Surabaya-JATIMTERKINI.COM: Meski diduga tak cukup bukti di kasus dugaan perzinahan, Pratu RA tetap dituntut maksimal 9 bulan penjara, dengan ancaman pemecatan dari TNI AD. Tuntutan itu dibacakan Oditur Militer Letkol Yadi Mulyadi di Pengadilan Militer III-12 Surabaya, Rabu (27/8/2025).

“Menjatuhkan penjara pokok selama 9 bulan dikurangi selama terdakwa menjalani hukuman sementara. Dan terdakwa dipecat dari kesatuan TNI AD,” ujar Letkol Yadi Mulyadi di depan Ketua Majelis Hakim Kolonel TNI AL H. Amriandle SH., MH.

Letkol Yadi menyatakan, tuntutan tersebut sesuai dakwaan dalam sidang sebelumnya, yaitu mendakwa Pasal alternatif 284 KUHP jo 281 KUHP. “Tapi disini Oditur memilih dakwaan mana yang sesuai fakta persidangan, dakwaan pasal 284 KUHP. Yaitu, seorang pria yang turut serta yang melakukan perzinahan, yang turut sertanya itu adalah sudah menikah dalam hal ini saksi 6 (Dewi Wulandari). Saksi 6 ini merupakan istri saksi 1 (Letkol DAW). Saksi 1 adalah seorang Pamen (Perwira Menengah), dimana dia telah mengadukan istrinya dengan terdakwa, disinyalir sudah melakukan perzinahan dalam dakwaan kami,” jelas Letkol Yadi pada awak media, usai persidangan.

Namun, ketika disinggung apakah perkara tersebut termasuk perkara koneksitas, yaitu sebuah tindak pidana yang dilakukan bersama-sama antara warga sipil dengan anggota Militer, Letkol Yadi ternyata membantah. Ia beralasan hanya menjerat pidana Pratu RA dalam delik aduan absolut. “Kalau memang terbukti si turut serta (Dewi Wulandari) berhak dilaporkan, itu akan tersendiri. Jadi akan mendakwakan dalam hal ini seorang prajuritnya yang melakukan tindak pidana,” tandasnya.

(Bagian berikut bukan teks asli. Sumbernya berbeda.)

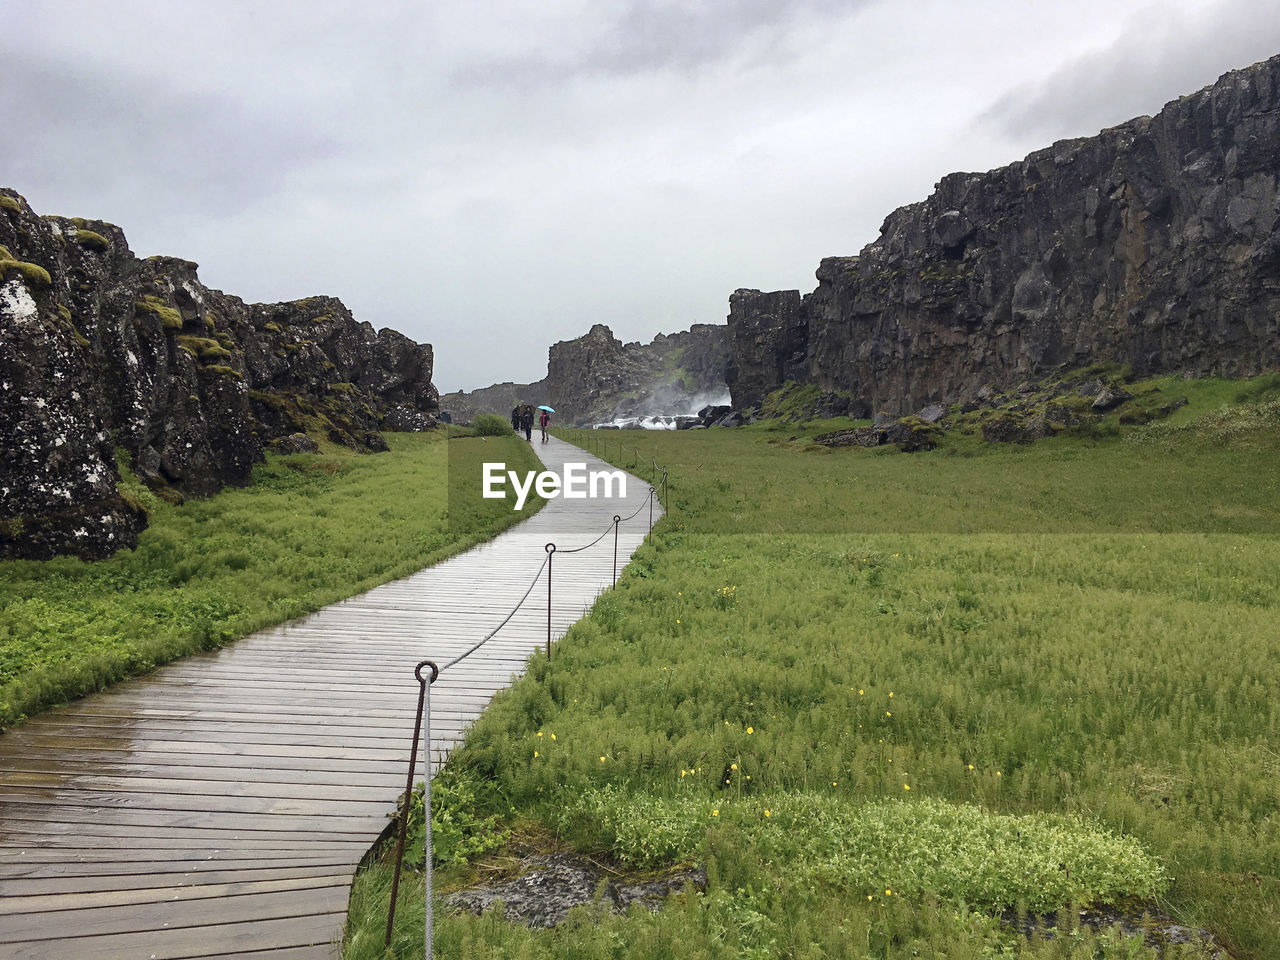 Boardwalk amidst grassy field and rock formations against cloudy sky

Begitu juga terkait dengan pencabutan BAP (Berita Acara Pemeriksaan) di persidangan oleh terdakwa Pratu RA. Letkol Yadi menilai bahwa hal itu merupakan hak terdakwa. Ia menyebut, terdakwa berbelit-belit dalam persidangan. “Dalam hal ini kami punya pertimbangan khusus, dimana terdakwa sudah memenuhi ranah Pasal 284 KUHP,” ujarnya lagi.

Selain itu, Letkol Yadi juga menyatakan bahwa alat bukti untuk menuntut terdakwa dengan Pasal 284 KUHP sangat mendukung sekali. Diantaranya menyebut jika saksi 6 selama masa penugasan dalam pekerjaan yang didampingi terdakwa ada (hubungan) spesial khusus.

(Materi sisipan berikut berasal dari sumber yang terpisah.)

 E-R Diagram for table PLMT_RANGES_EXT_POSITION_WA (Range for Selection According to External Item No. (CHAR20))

“Kemudian, saksi 7 (pembantu rumah tangga) pernah memergoki saksi 6 dengan terdakwa di dapur. Dimana dalam hal ini tidak sesuai muhrim-nya,” kata Letkol Yadi.

Lantas, apakah saksi 6 dengan terdakwa melakukan hubungan badan di dapur? “Hanya berpelukan. Dan disana saksi 6 menangis setelah diketahui oleh saksi 1 (Letkol DAW),” tegasnya

Letkol Yadi juga mengungkapkan bahwa saksi 6 dengan terdakwa telah menyewa hotel di Surabaya. Dan mereka dalam kamar sekitar satu jam.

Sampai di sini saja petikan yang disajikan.